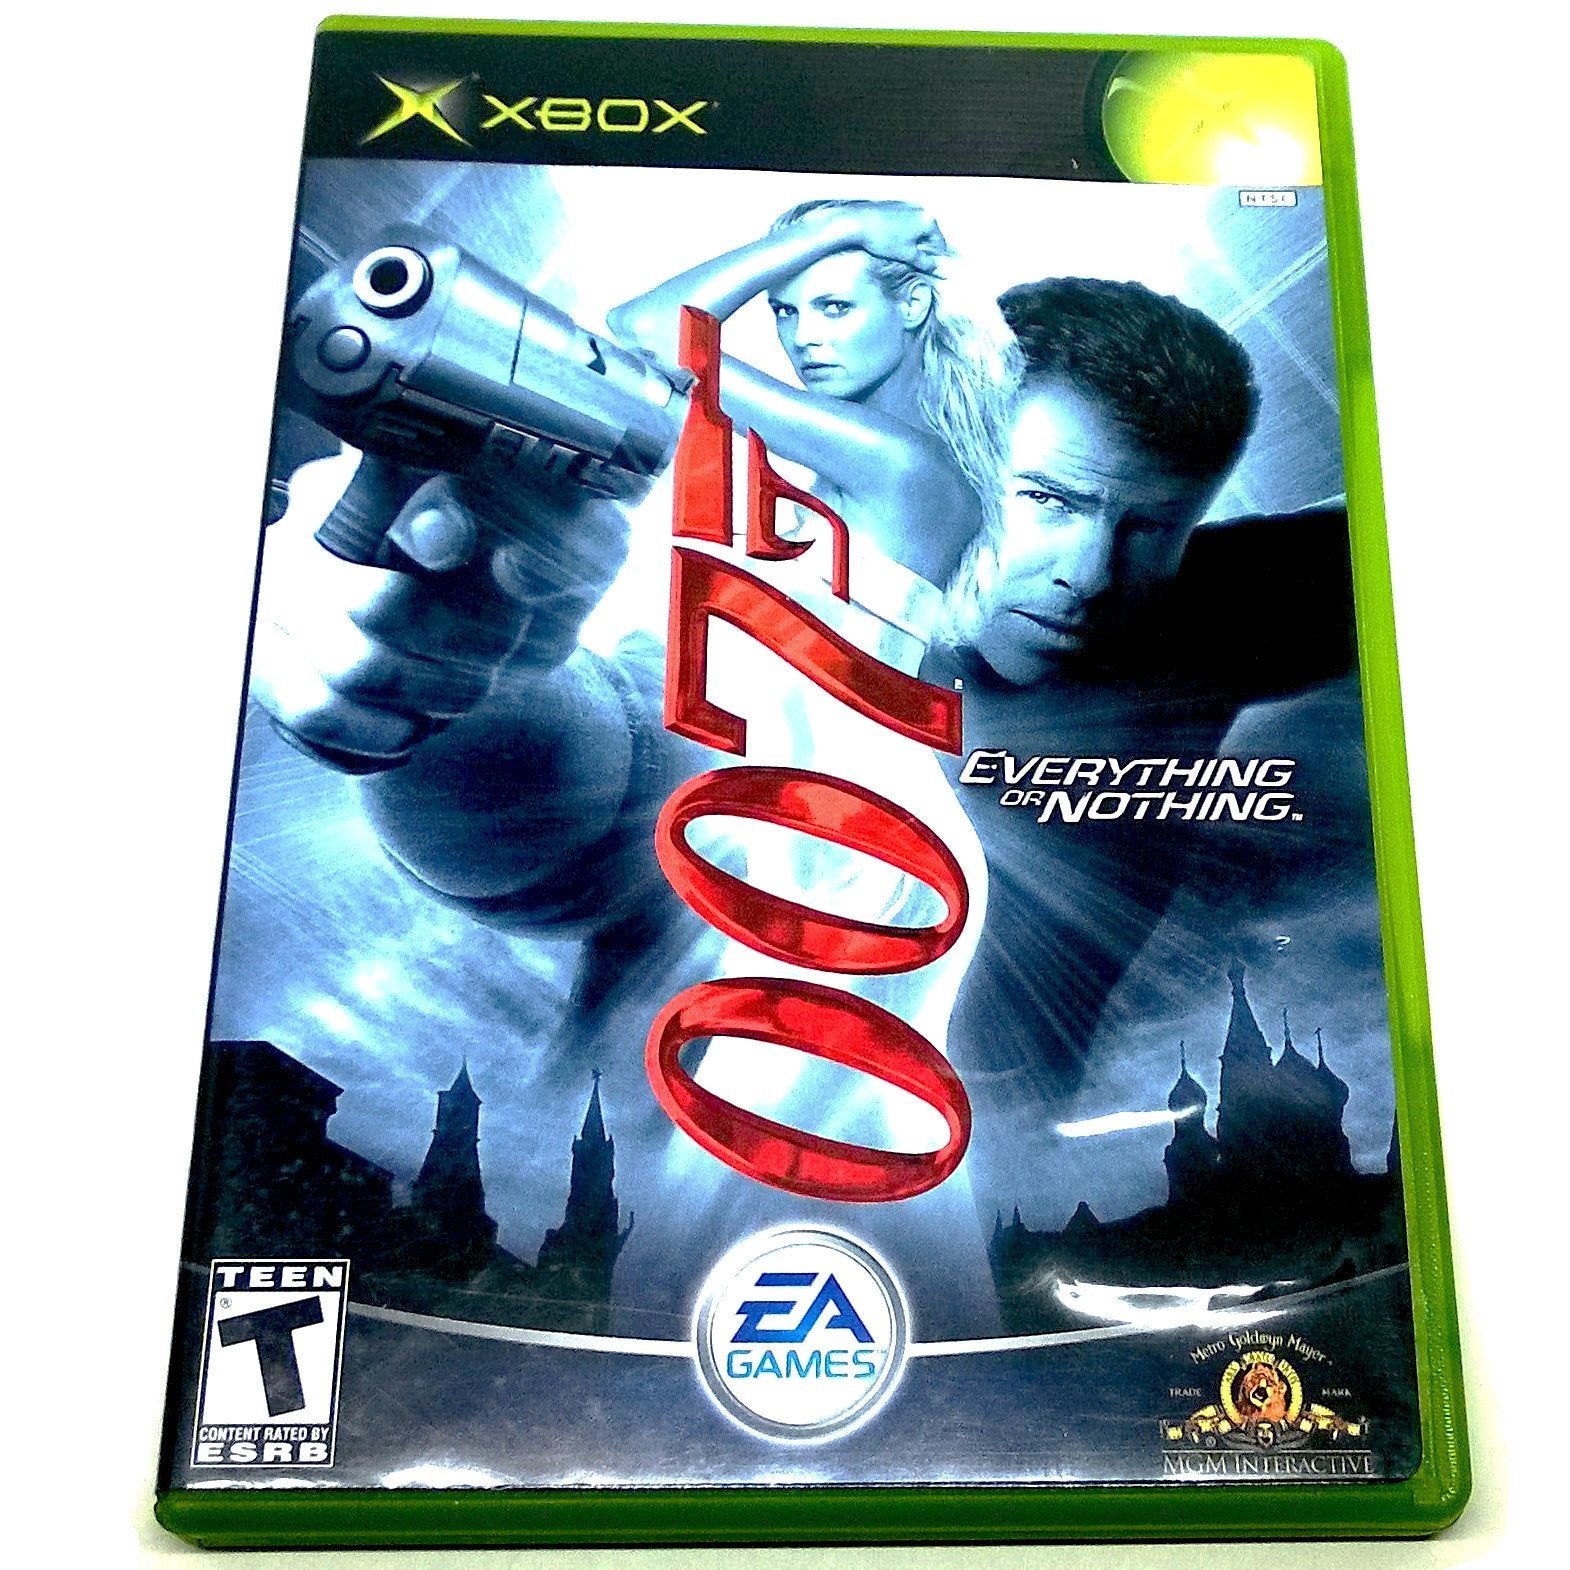 James Bond 007: Everything or Nothing for Xbox - Front of case
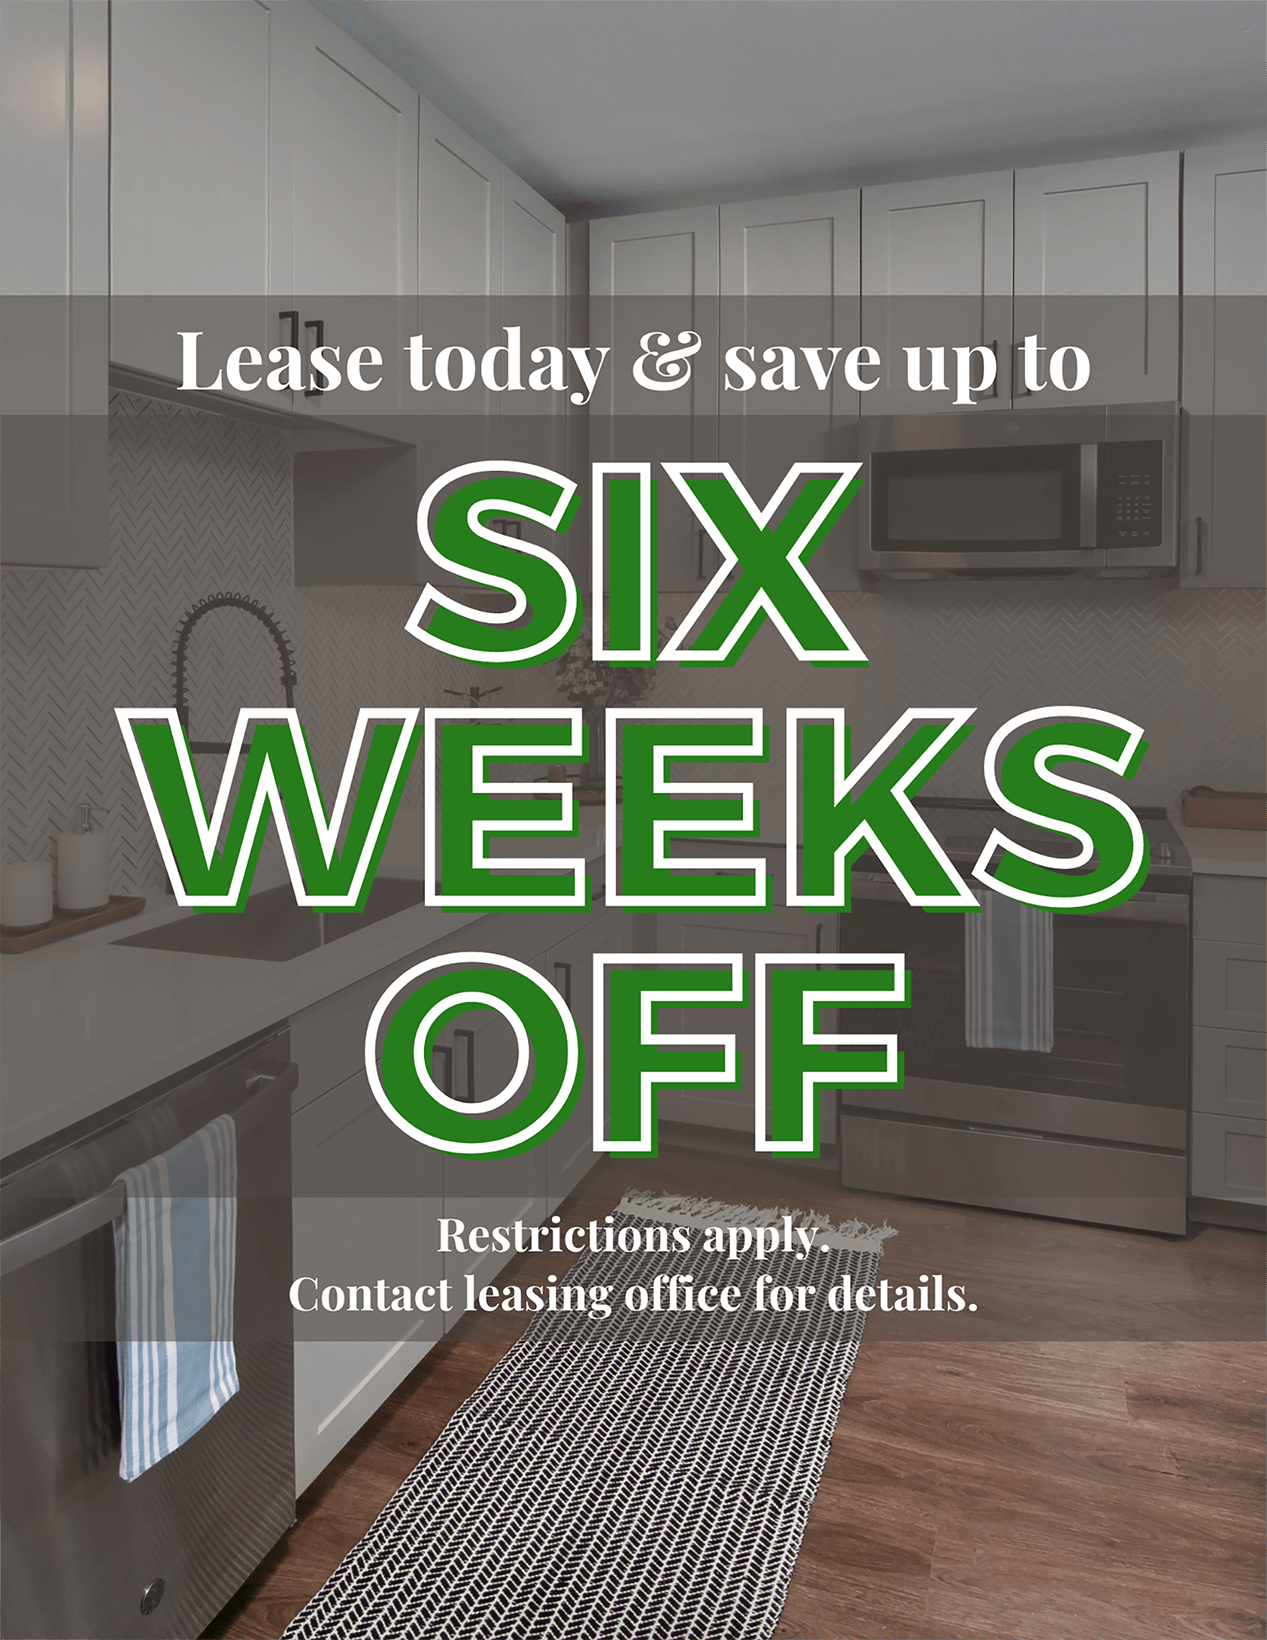 Get up to six weeks off lease today and save!
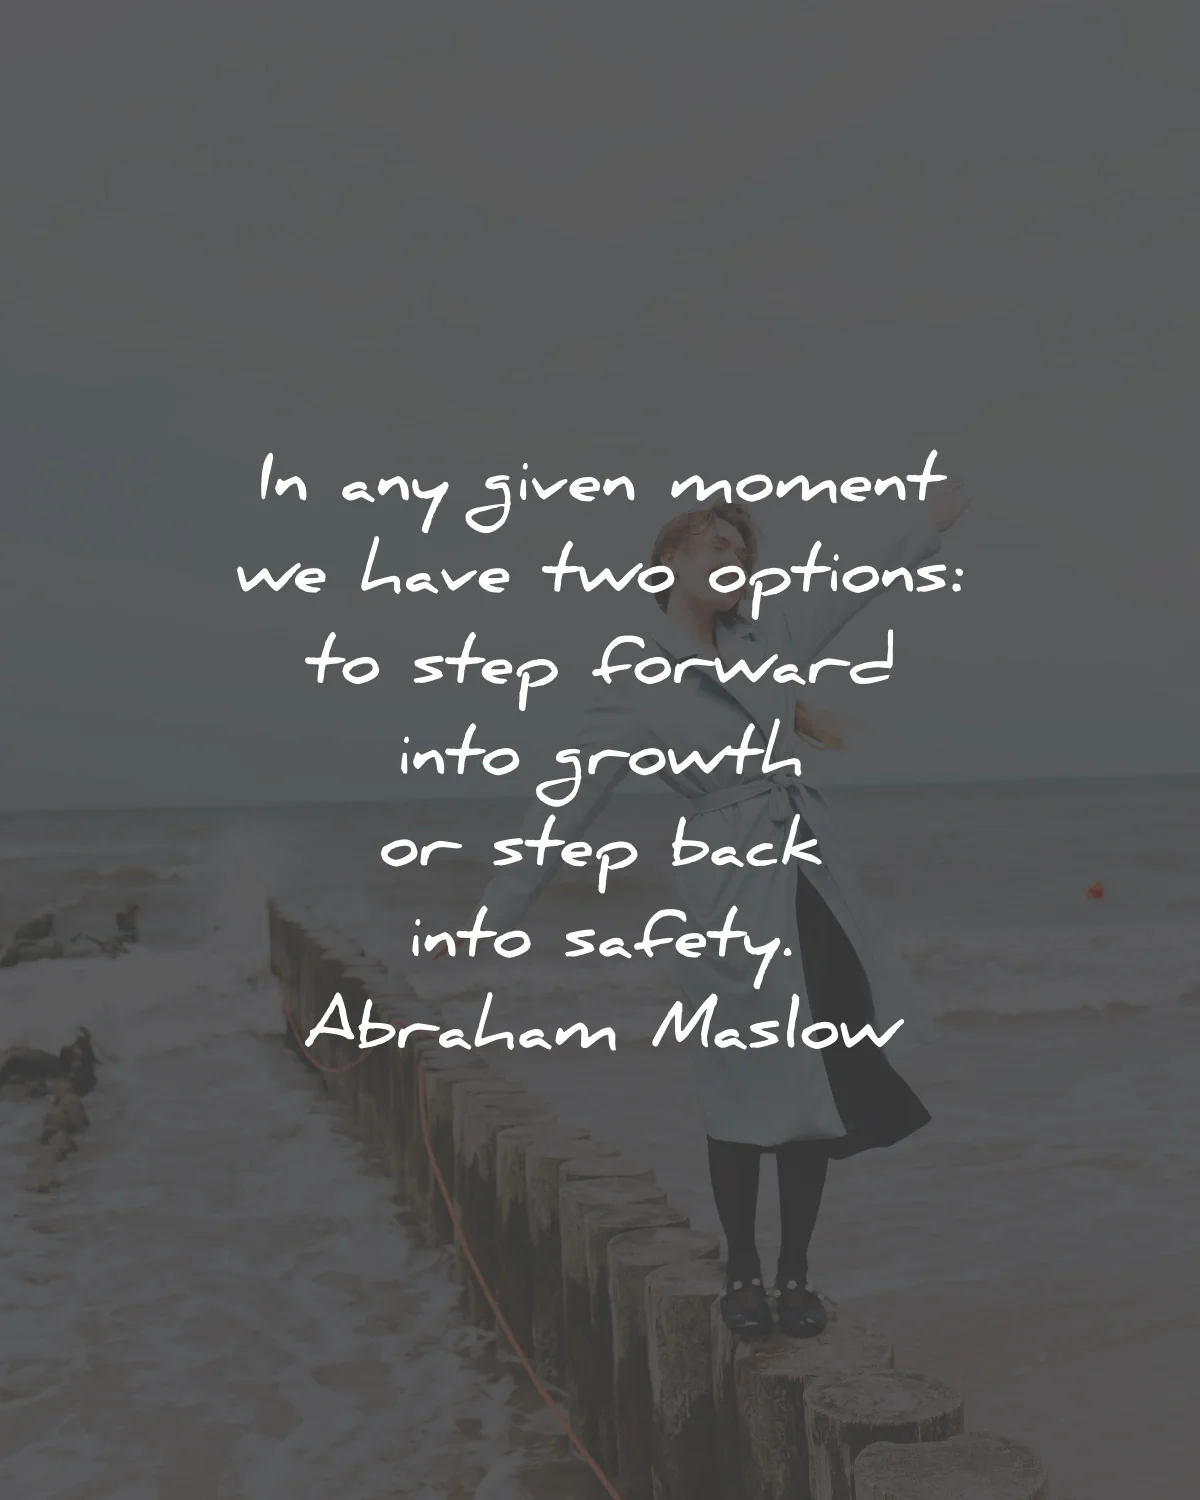 quotes about change growth given moment two options step forward abraham maslow wisdom

◇ ◇ ◇ ◇ ◇

• **Exercise description**: Print every line of the listing exactly, please, and leave the images out.

• **Expected output**:
 James Bond 007: Everything or Nothing for Xbox - Front of case
 Get up to six weeks off lease today and save!
 quotes about change growth given moment two options step forward abraham maslow wisdom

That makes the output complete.